Exercise - In the Transform section above, we created a filtered dataset containing only European cars. This dataset was called euro-cars. We could do the same for American and Japanese cars, calling them us-cars and japanese-cars. To actually use one of these more specific datasets for the marks, we had to change "from": {"data":"cars"} to "from": {"data":"euro-cars"} in the code. Although this is good for when you’re developing your visualisation, it’d be much better if we didn’t have to dive into the code just to select the dataset. Create a dropdown box that let’s you choose which of the three regions of origin to choose, using the fillOpacity trick we used above.

Exercise - Now try to do the same thing where, instead of using this opacity trick, you actually define a filtered dataset that contains only the data for the region that you select using the dropdown box.

Composing plots

Remember in vega-lite that we could create composed plots by using concat, hconcat or vconcat. Vega is more powerful to create layouts involving different plots. However, it is much more difficult/verbose to do so…

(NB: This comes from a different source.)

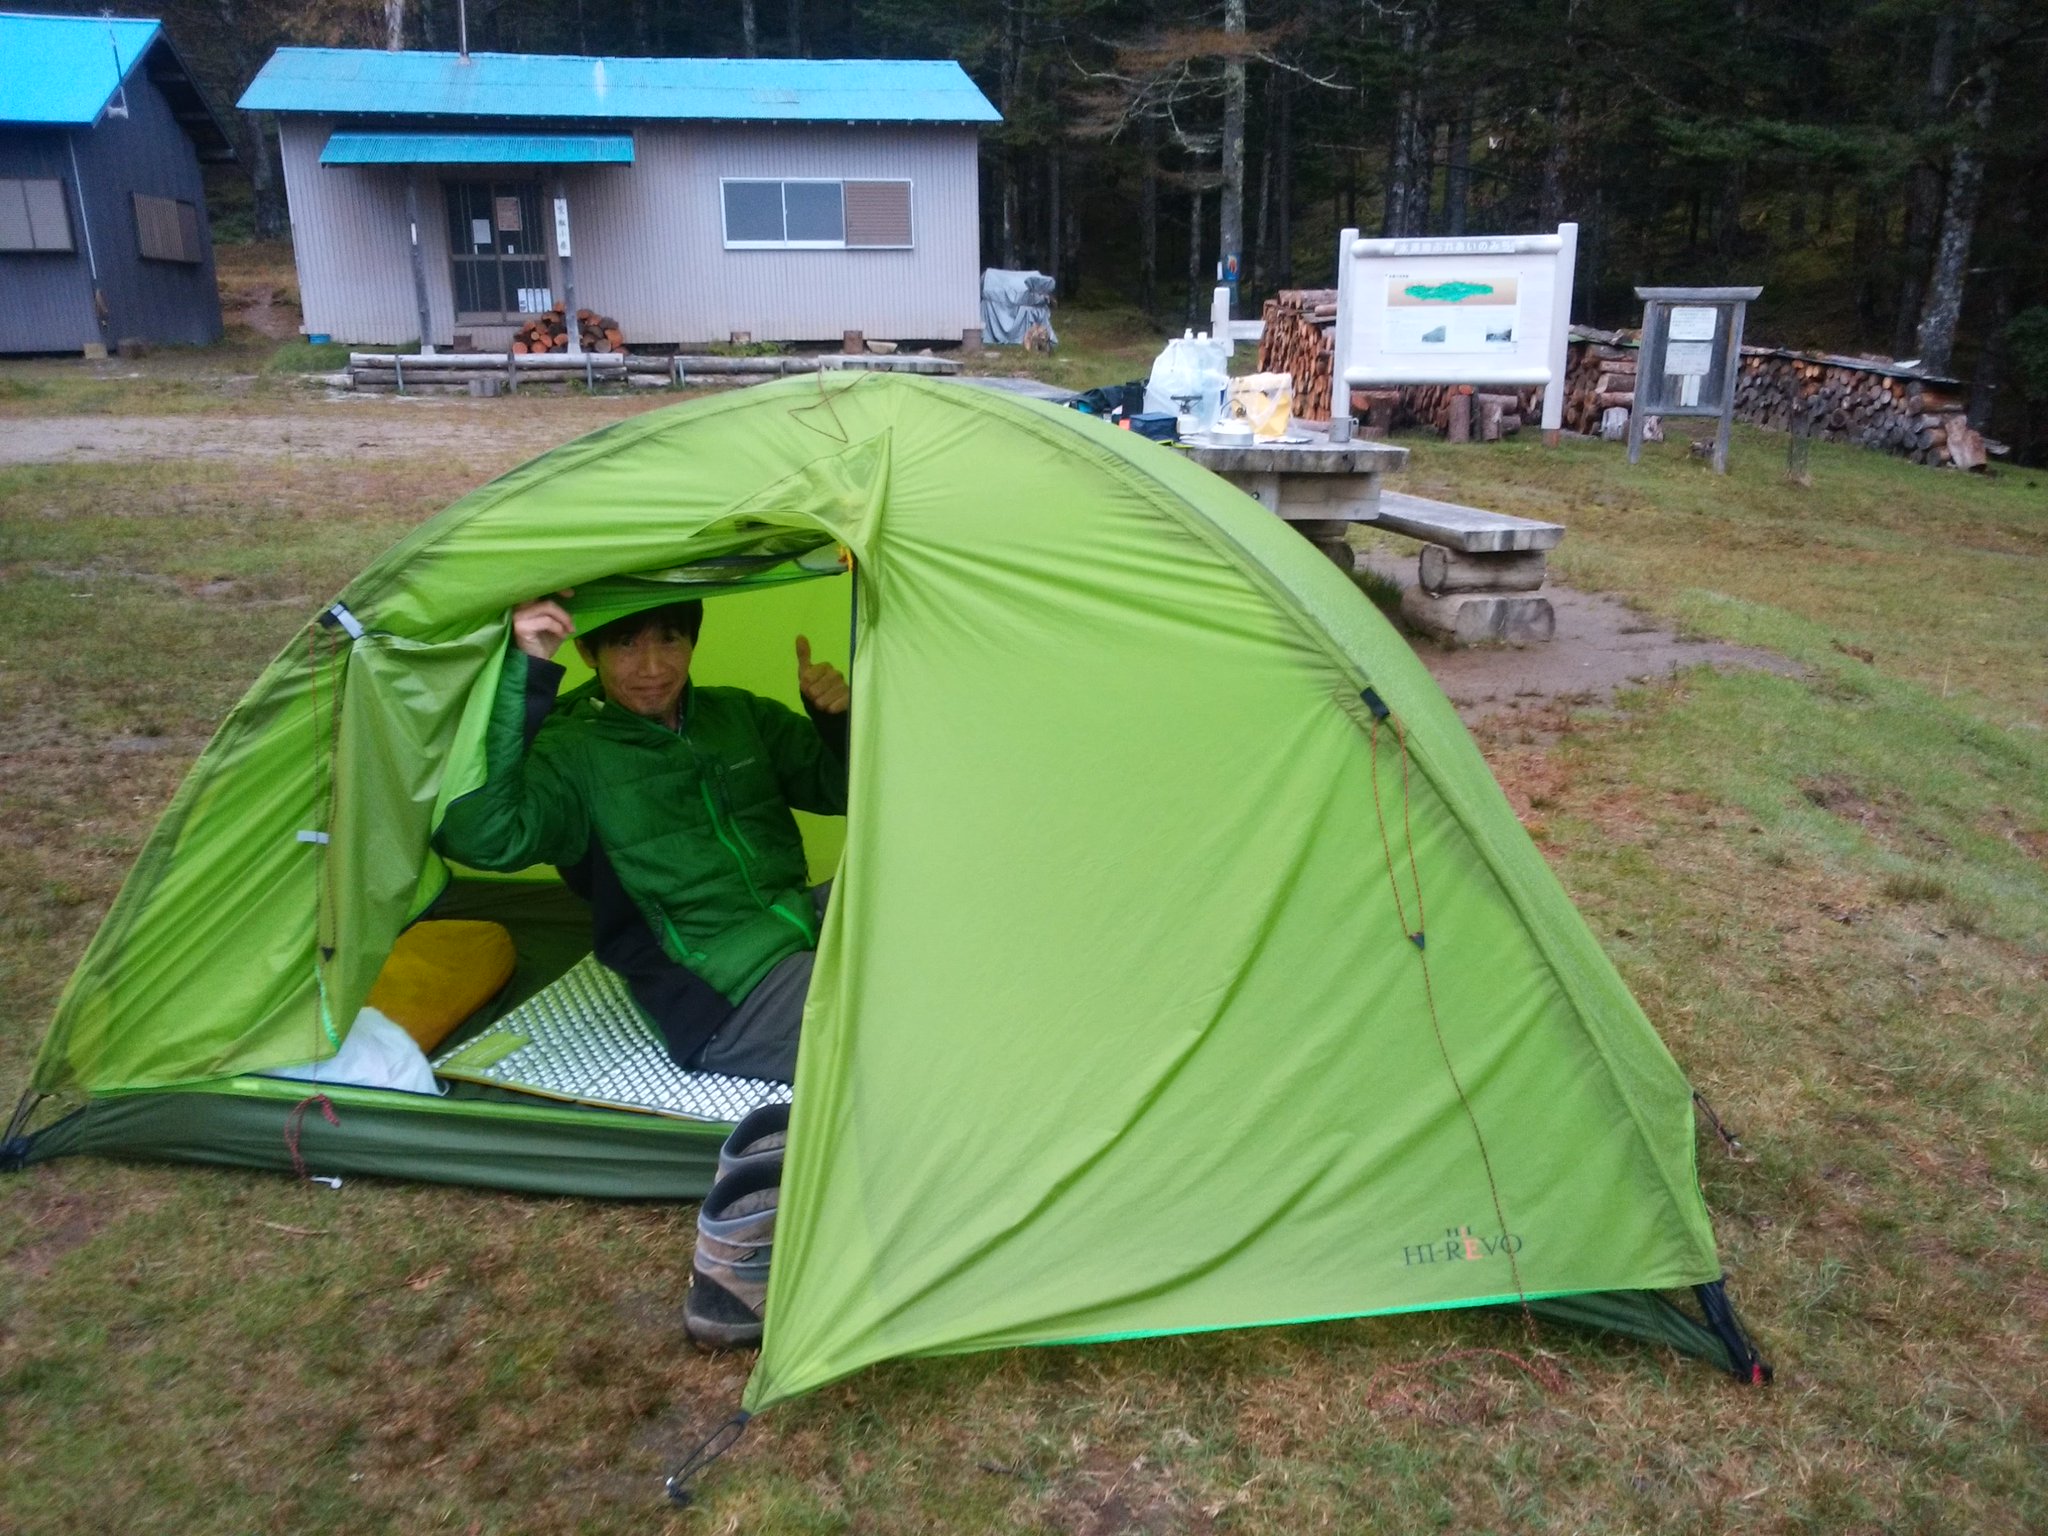 池田和也 かずやっこ on Twitter "初めてのお山テント泊の条件は・・・ 山の美味しい水場が近いこと 登
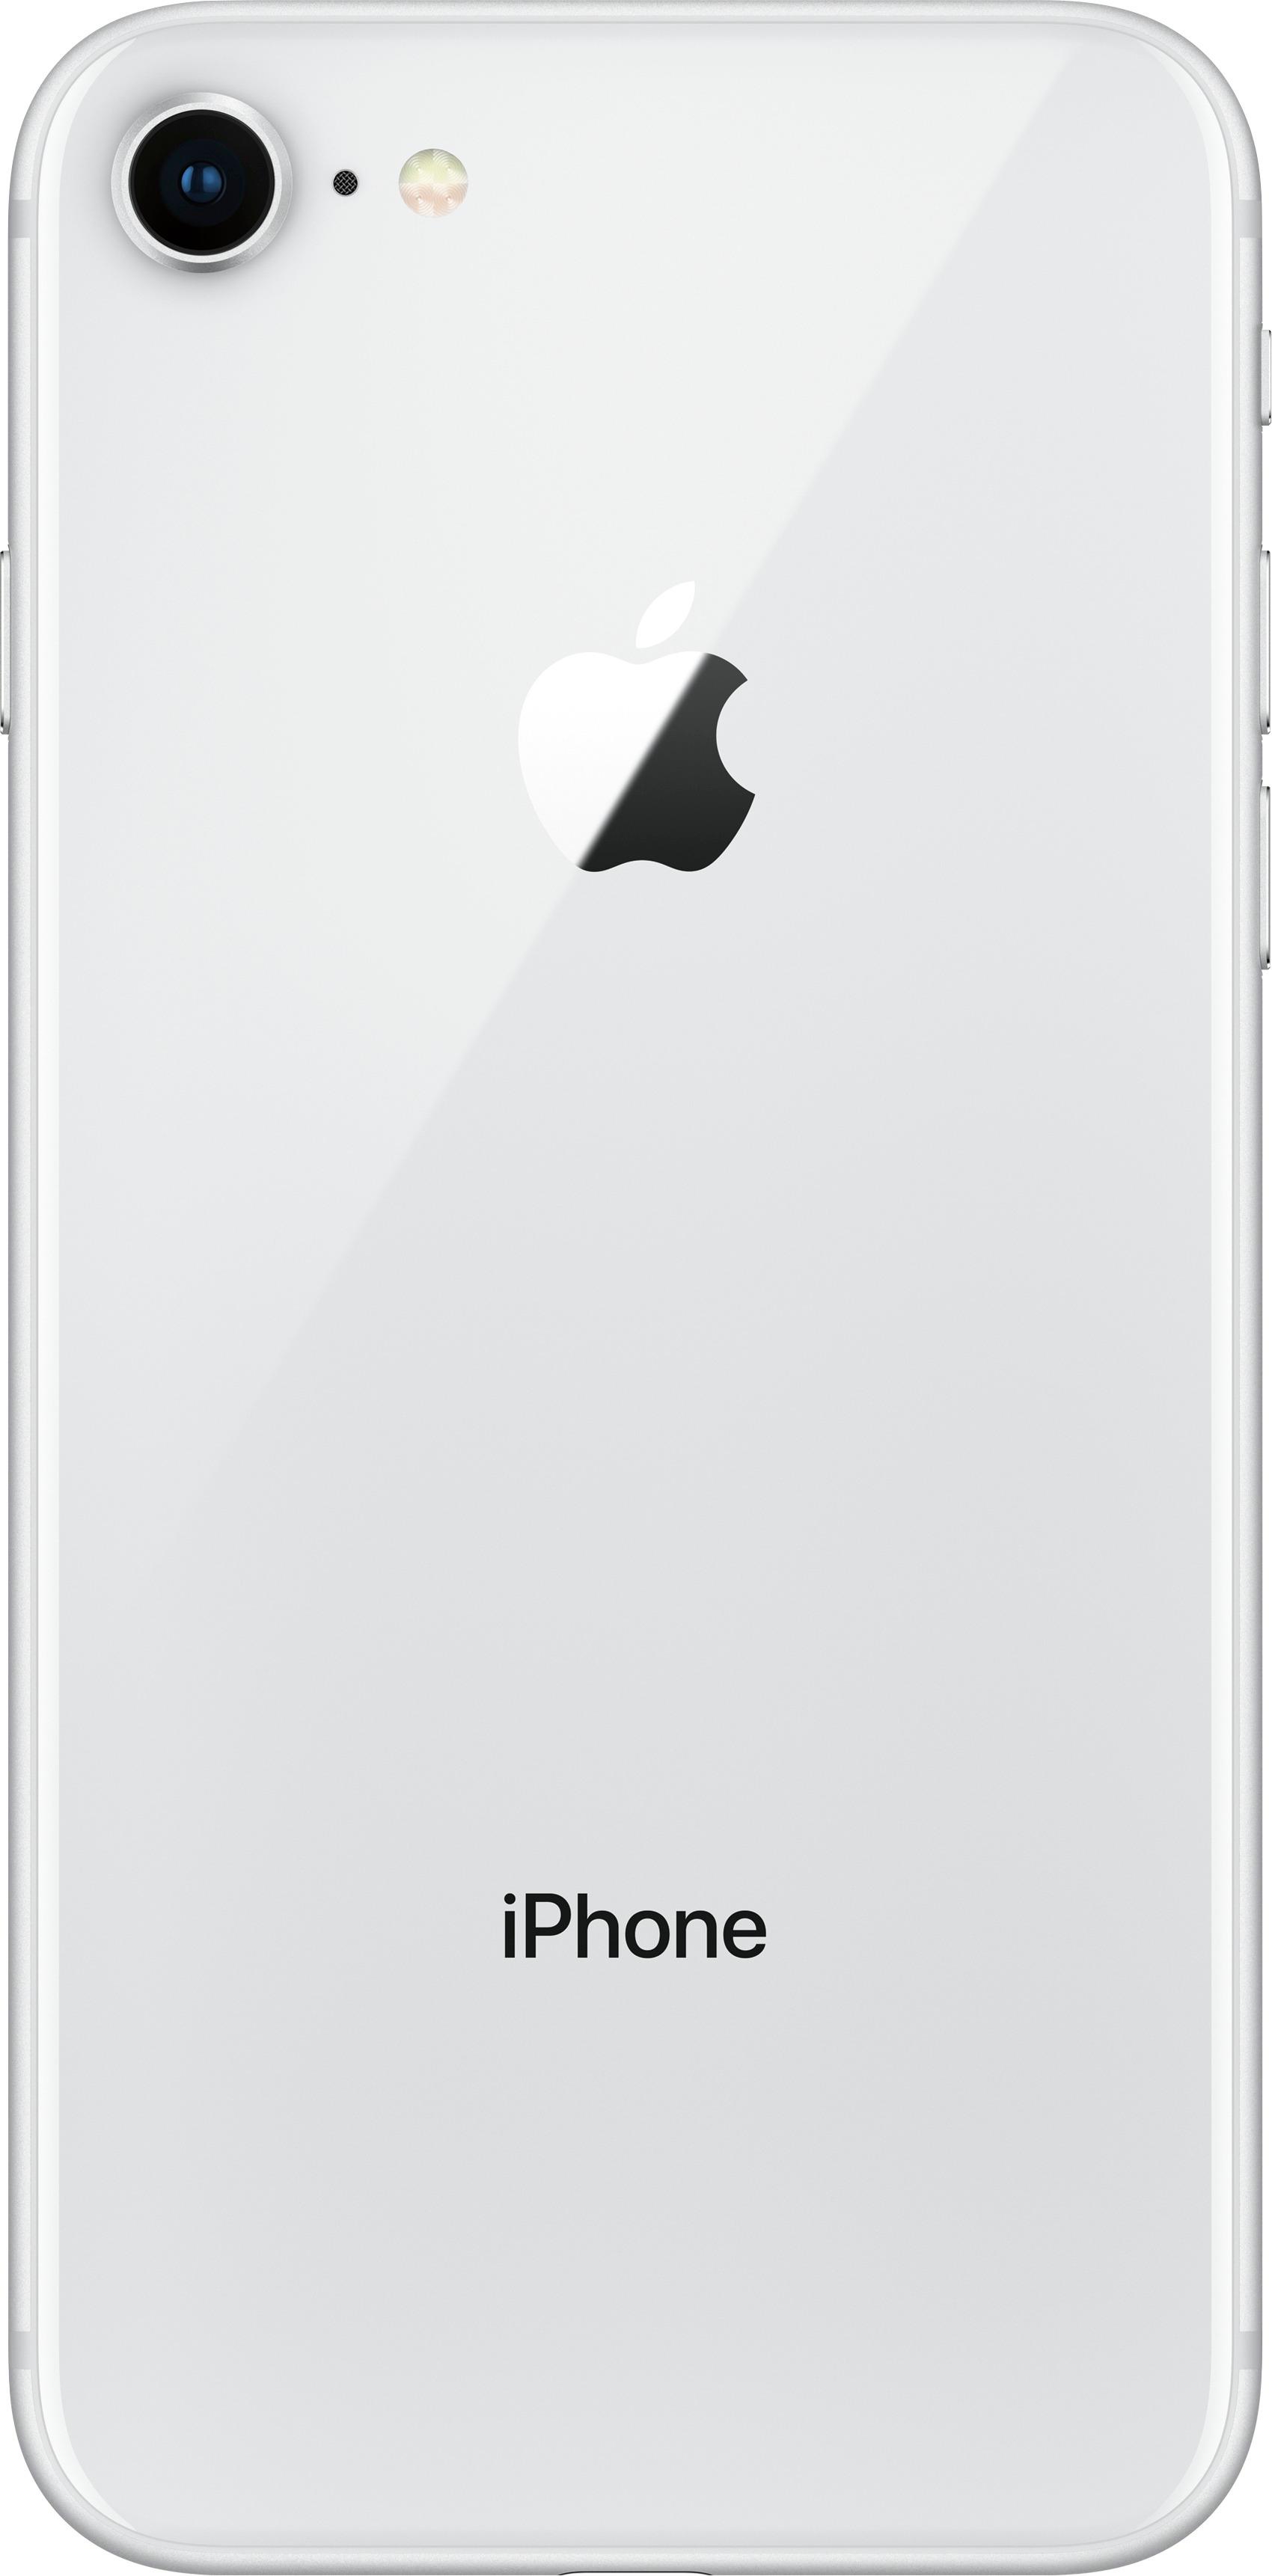 スマートフォン/携帯電話 スマートフォン本体 Best Buy: Apple iPhone 8 256GB Silver (AT&T) MQ7G2LL/A

In the vega-lite tutorial, we created a double scatterplot for the cars data, that looked like this:

If we want to recreate this using vega, here is the minimal specification:

{
  "$schema": "https://vega.github.io/schema/vega/v5.json",
  "padding": 5,
  "data": [
    {
      "name": "cars",
      "url": "https://raw.githubusercontent.com/vega/vega/master/docs/data/cars.json",
      "format": {"type": "json"}
    }
  ],
  "scales": [
    {
      "name": "acceleration_xscale",
      "type": "linear",
      "domain": {"data": "cars", "field": "Acceleration"},
      "range": [0, 200],
      "nice": true,
      "zero": true
    },
    {
      "name": "mpg_yscale",
      "type": "linear",
      "domain": {"data": "cars", "field": "Miles_per_Gallon"},
      "range": [200, 0],
      "nice": true,
      "zero": true
    },
    {
      "name": "horsepower_xscale",
      "type": "linear",
      "domain": {"data": "cars", "field": "Horsepower"},
      "range": [0, 200],
      "nice": true,
      "zero": true
    }
  ],
  "layout": {"padding": 20},
  "marks": [
    {
      "type": "group",
      "encode": {
        "update": {
          "width": {"value": 200},
          "height": {"value": 200}
        }
      },
      "marks": [
        {
          "type": "symbol",
          "style": "circle",
          "from": {"data": "cars"},
          "encode": {
            "update": {
              "x": {"scale": "acceleration_xscale", "field": "Acceleration"},
              "y": {"scale": "mpg_yscale", "field": "Miles_per_Gallon"},
              "fill": {"value": "steelblue"},
              "fillOpacity": {"value": 0.5}
            }
          }
        }
      ],
      "axes": [
        {
          "scale": "mpg_yscale",
          "orient": "left",
          "gridScale": "mpg_yscale",
          "grid": true,
          "tickCount": 5,
          "title": "Miles_per_Gallon"
        },
        {
          "scale": "acceleration_xscale",
          "orient": "bottom",
          "gridScale": "acceleration_xscale",
          "grid": true,
          "tickCount": 5,
          "title": "Acceleration"
        }
      ]
    },
    {
      "type": "group",
      "style": "cell",
      "encode": {
        "update": {
          "width":  {"value": 200},
          "height": {"value": 200}
        }
      },
      "marks": [
        {
          "type": "symbol",
          "style": "circle",
          "from": {"data": "cars"},
          "encode": {
            "enter": {
              "x": {"scale": "horsepower_xscale", "field": "Horsepower"},
              "y": {"scale": "mpg_yscale", "field": "Miles_per_Gallon"},
              "fill": {"value": "steelblue"},
              "fillOpacity": {"value": 0.5}
            }
          }
        }
      ],
      "axes": [
        {
          "scale": "mpg_yscale",
          "orient": "left",
          "gridScale": "mpg_yscale",
          "grid": true,
          "tickCount": 5,
          "title": "Miles_per_Gallon"
        },
        {
          "scale": "horsepower_xscale",
          "orient": "bottom",
          "gridScale": "horsepower_xscale",
          "grid": true,
          "tickCount": 5,
          "title": "Horse power"
        }
      ]
    }
  ]
}

For simplicity’s sake, we left out the colourScale and legend. Still, the specification is huge: 125 lines versus what would have taken 23 lines in vega-lite.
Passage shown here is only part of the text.